Let's take a look at the code changes:

Public Delegate void d_callback (Information object_ I); // here the information object is used as the callback function parameter class master {// no longer has a static information member public void getinformation () {d_callback callback = new d_callback (processinformation); provider object_p = new provider (callback );......} private void processinformation (Information object_ I)

{... // Process a copy of object_ I }......}

Next let's take a look at the change of provider:

Class provider {private d_callback back; // Add a private information member to store the private information object_ I; public provider (d_callback yourback) {This. back = yourback;} private void button#click (){...... // write the information to this. object_ I // call the processinformation function back (this. object_ I); this. close ();}}

This method avoids exposing a public static member by copying stack objects ),

Security is enhanced, but the tight coupling between the master and provider is not diminished. Is there no perfect solution? Yes! That is, through the event publishing-booking method, the event publishing class does not have to know any situations of the class of the scheduled event, thus, the previous circular dependency between the master and provider is converted to one-way dependency (only the master depends on the provider), which effectively reduces the coupling between the master and provider.

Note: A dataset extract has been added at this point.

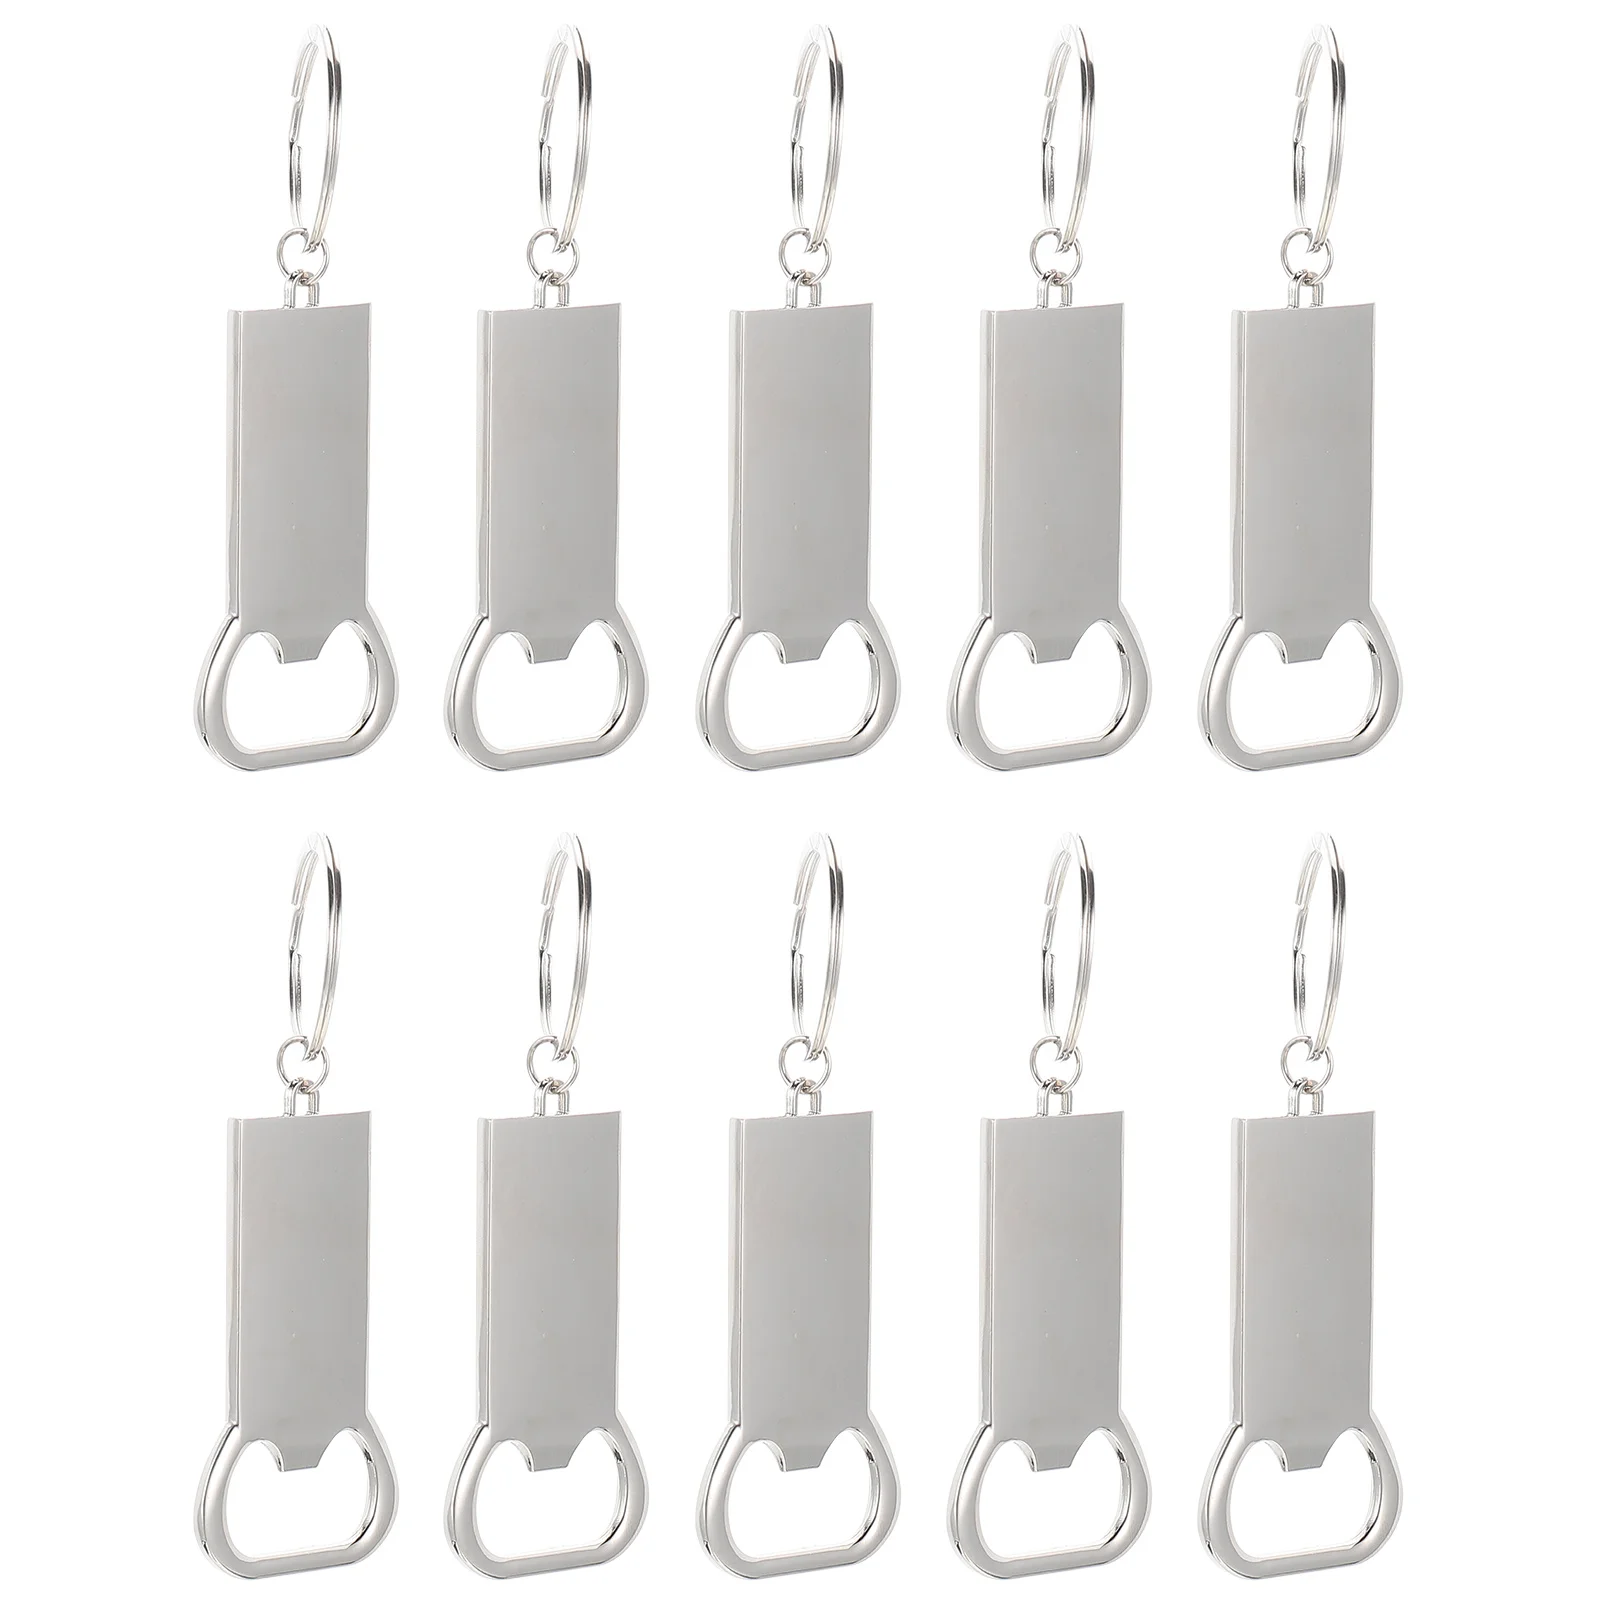 

10 Pcs Keychain Bottle Opener Convenient Blank Soda Can Lids Decorate Multi-function Zinc Alloy Beer Hanging Photo

3. Communication through the event mechanism

The event mechanism provides an elegant, efficient, and flexible solution for inter-class communication.

We only need to declare and release the event in the provider class, and trigger the event when appropriate. Then, we can reserve the event in the master class and define the event processing function. In this way, the provider class can be used not only for the master class, but also for other classes that need the same information. In this case, the master class is only a client of the provider class.

See how it is implemented.

First, if a delegated instance is to become an event, the delegated prototype Declaration must be in the following format:

public delegate void D_Callback (object sender ,MyEventArgs e) ;

Note that myeventargs must be inherited from the eventargs class, which is used to wrap the information to be passed. Here we can simply implement the following:

public class MyEventArgs:System.EventArgs    {       public Information object_I;}

Next, let's take a look at how the provider publishes an event and triggers the event:

Class provider {public event d_callback putoutinformation; // publish event private void button1_click () {myeventargs ARGs = new myeventargs ();...... // write information to args. object_ I putoutinformation (this, argS); // triggers the event this. close ();}}

Is it simple, clear, and clear ?! The provider does not need to know the existence of the master class.

Let's take a look at how the master class schedules events and how to obtain the required information when an event occurs.

Class master {public void getinformation () {privoder object_p = new privoder (); // scheduled event object_p. putoutinformation + = new d_callback (this. processinformation );.....} private void processinformation (Object sender, myeventargs e ){..... // PROCESS e. object_ I}

    ......}  

The above code is simple and clear, so I don't have to worry about it any more.

C # is a fully object-oriented language. Compared with C ++, C # removes global variables and global functions, and introduces common features of object-oriented programming such as events and attributes. Because global variables are not available, you must find another solution in C # To solve inter-class communication problems, the event mechanism provided by C # is just a good solution to such problems. Although C # can also simulate C ++ to complete communication through static storage zone or stack replication, however, these methods give people the feeling that they are clumsy and not elegant. Therefore, when you cannot find a better way to implement inter-class communication, use the event mechanism.